First of all, in all the examples I have seen, nn.Module subclasses are callable. Mine is not callable, I have been explicitly calling model.forward(). It also seems that gradients are not being propagated, as when I call loss.backward(), all the gradients go to nan, and the GPU is not being utilized at all during the training loop, even though the memory has been allocated, and I have called .cuda() on all the inputs and the model.

I’m wondering, is there an easy to fix my work? or, is there a way to re-use the conv kernels like this with nn.Conv3d and the equivalent Transposed op?

What happens if you call the model directly via output = model(x)?
I tried out your code and it seems to run fine.
What PyTorch version are you using?

I’ll have to get back to you on Monday, but I’ve been getting something like Model3d object is not callable.
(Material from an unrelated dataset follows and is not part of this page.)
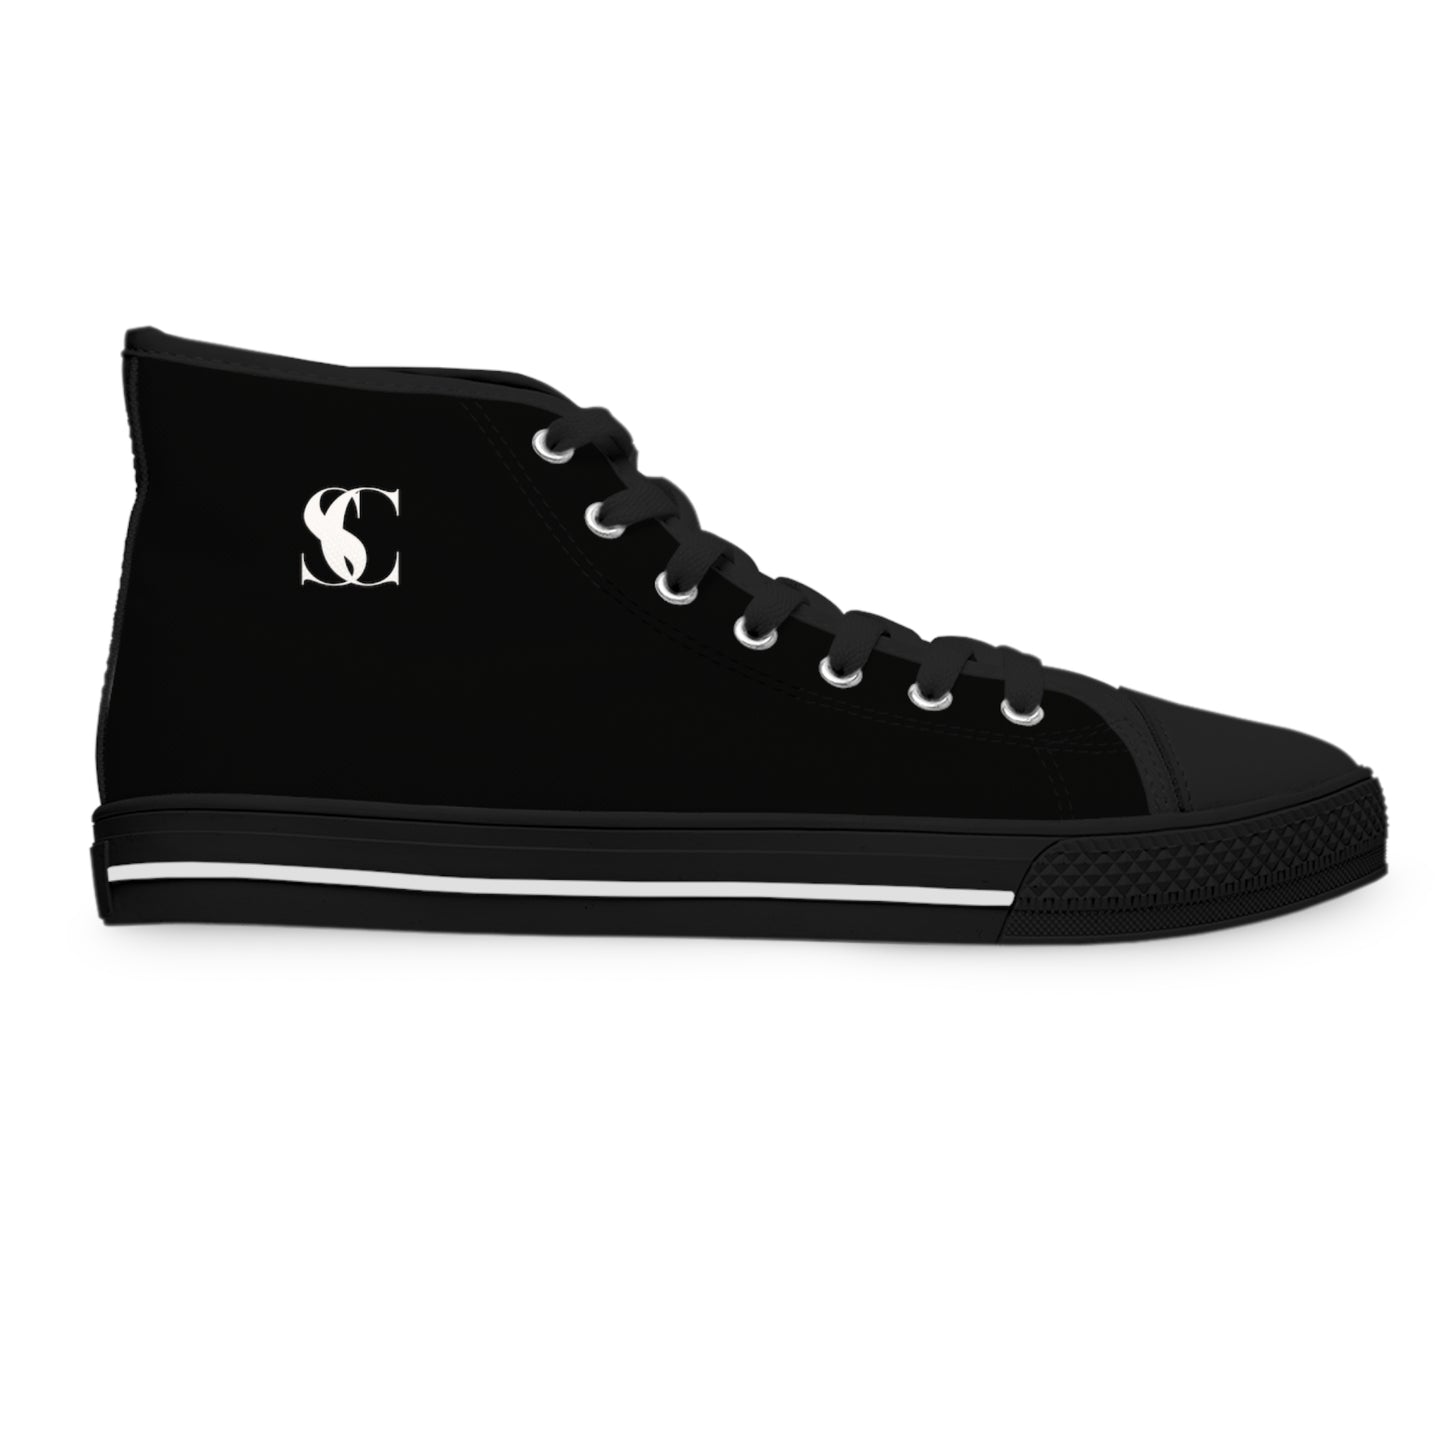 Women's SC high top Trainers

I’m pretty sure I built the latest stable version of from sources, I’ll update my reply on Monday.
Thanks

UPDATE:
I take back what I said about the model not being callable, I’m calling the model on the inputs now and its fine. I have also found out that the nan value in my gradients is always in model.up_classifier_weight, which means that the loss function I’m using is probably the culprit. The loss values themselves seem normal though.
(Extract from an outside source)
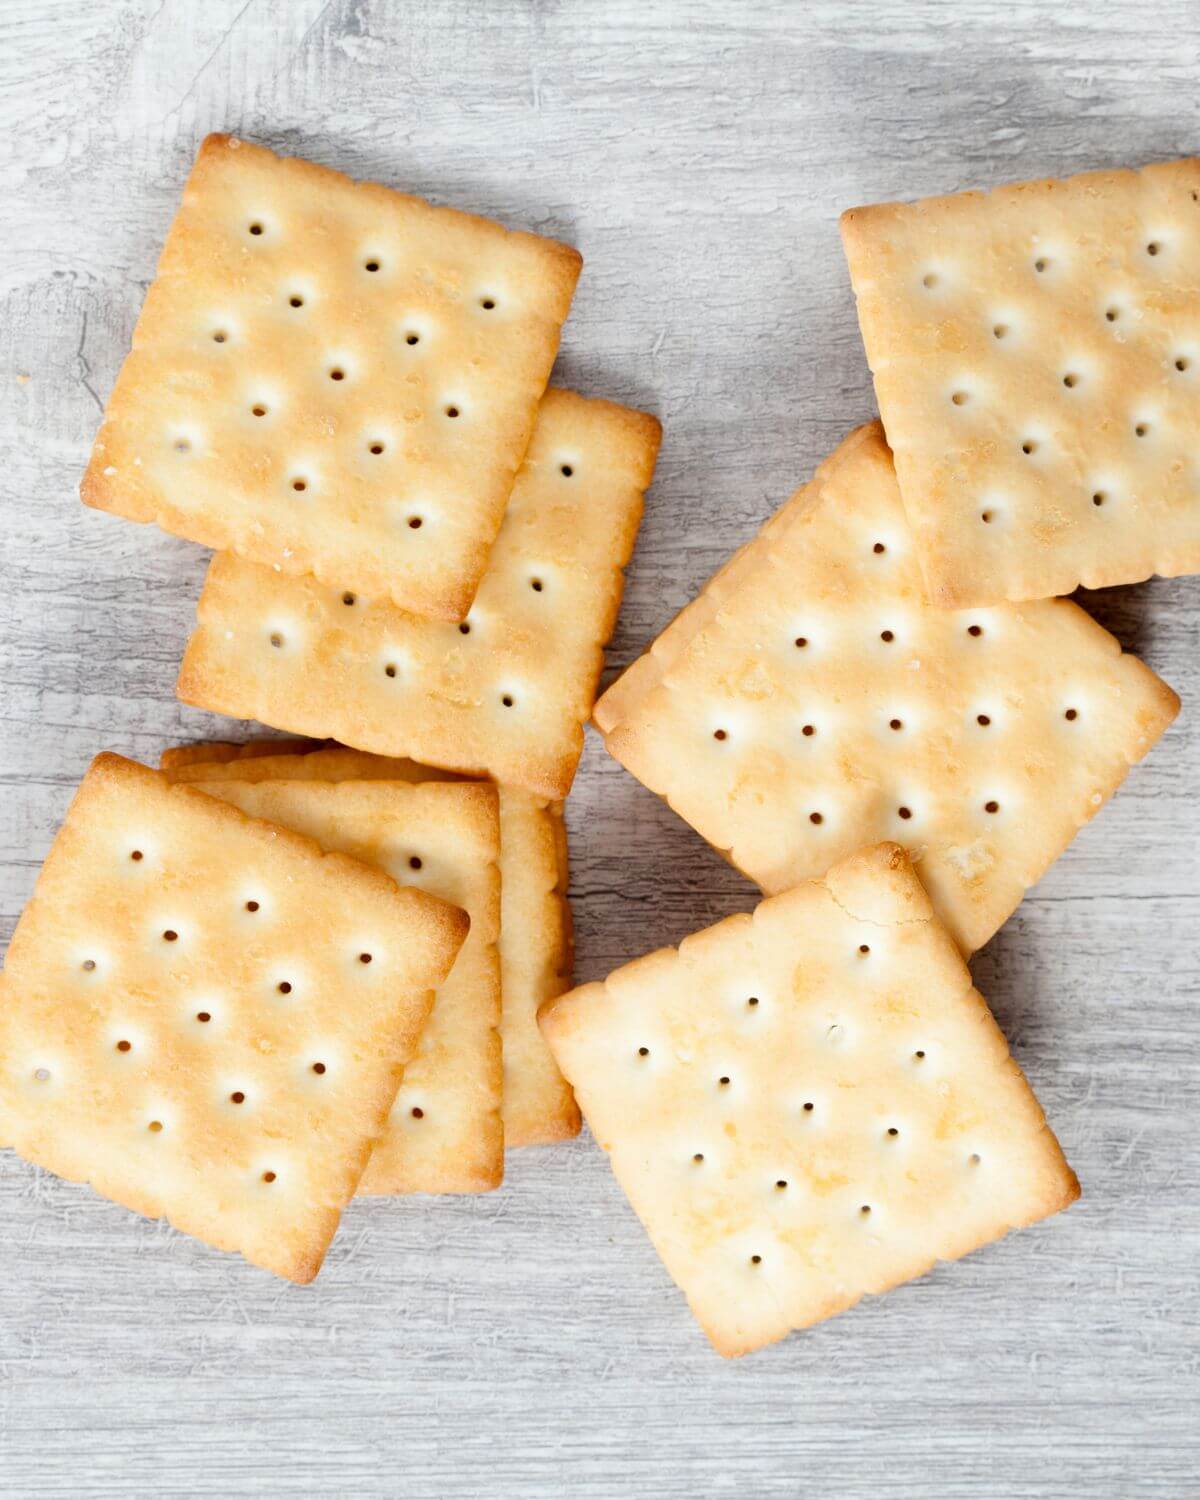 Crackers for the toffee candy.

I solved the GPU utilization issue by calling nn.DataParallel on my model.

There are very large intermediate values computed in my loss function, I wonder if these are leading to gradient explosion… I want to try using batchnorm layers to see if I can mitigate this, but I’m not sure how to use the nn.functional.batch_norm. How do I make sure running_mean, running_var, args are being updated during training / being frozen during evaluation?
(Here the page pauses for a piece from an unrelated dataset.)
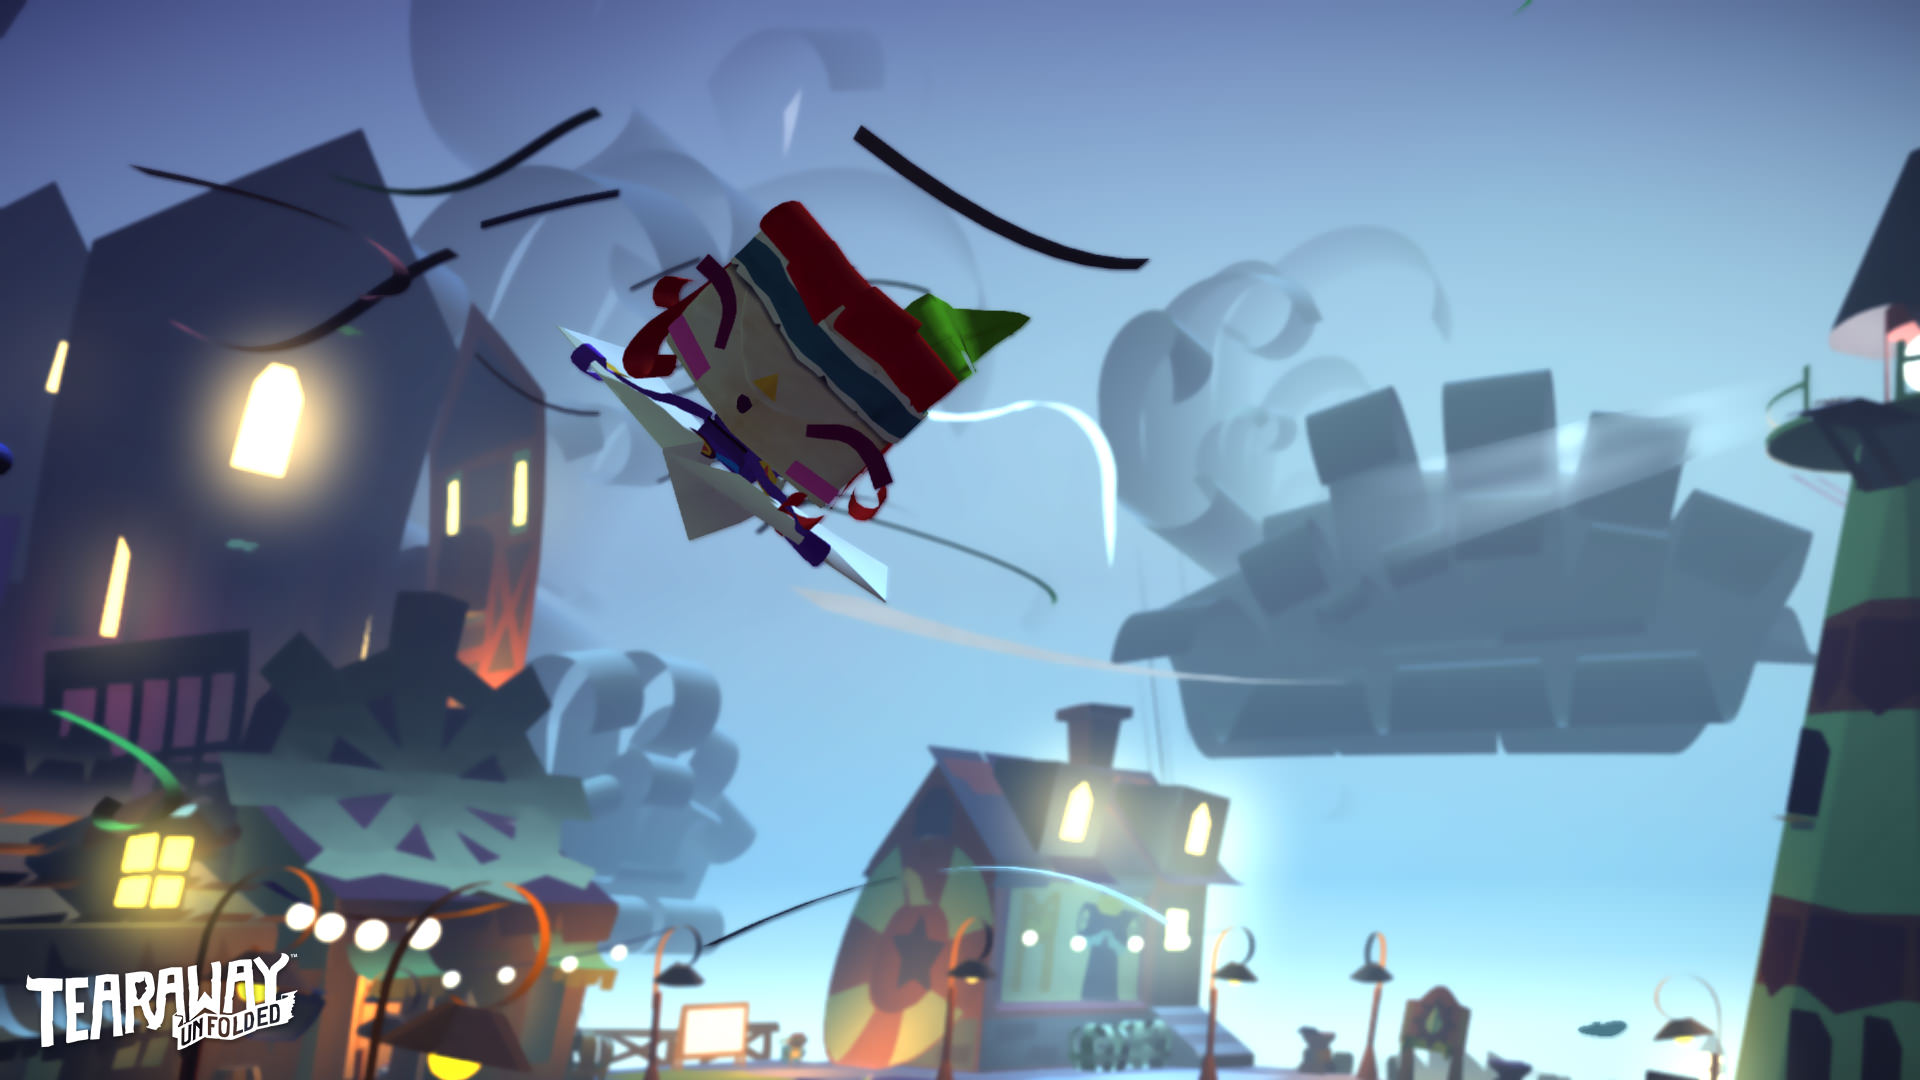 Tearaway Unfolded Backgrounds, Compatible - PC, Mobile, Gadgets| 1920x1080 px

F.batch_norm has an argument training, which defines in which mode the function operates.

looking at the docs, it doesn’t seem like the training flag does anything besides check the size of the input. Does one have to manually update the running_mean, running_var?

The training flag get’s passed in this line of code.
You would have to register the running stats as buffers.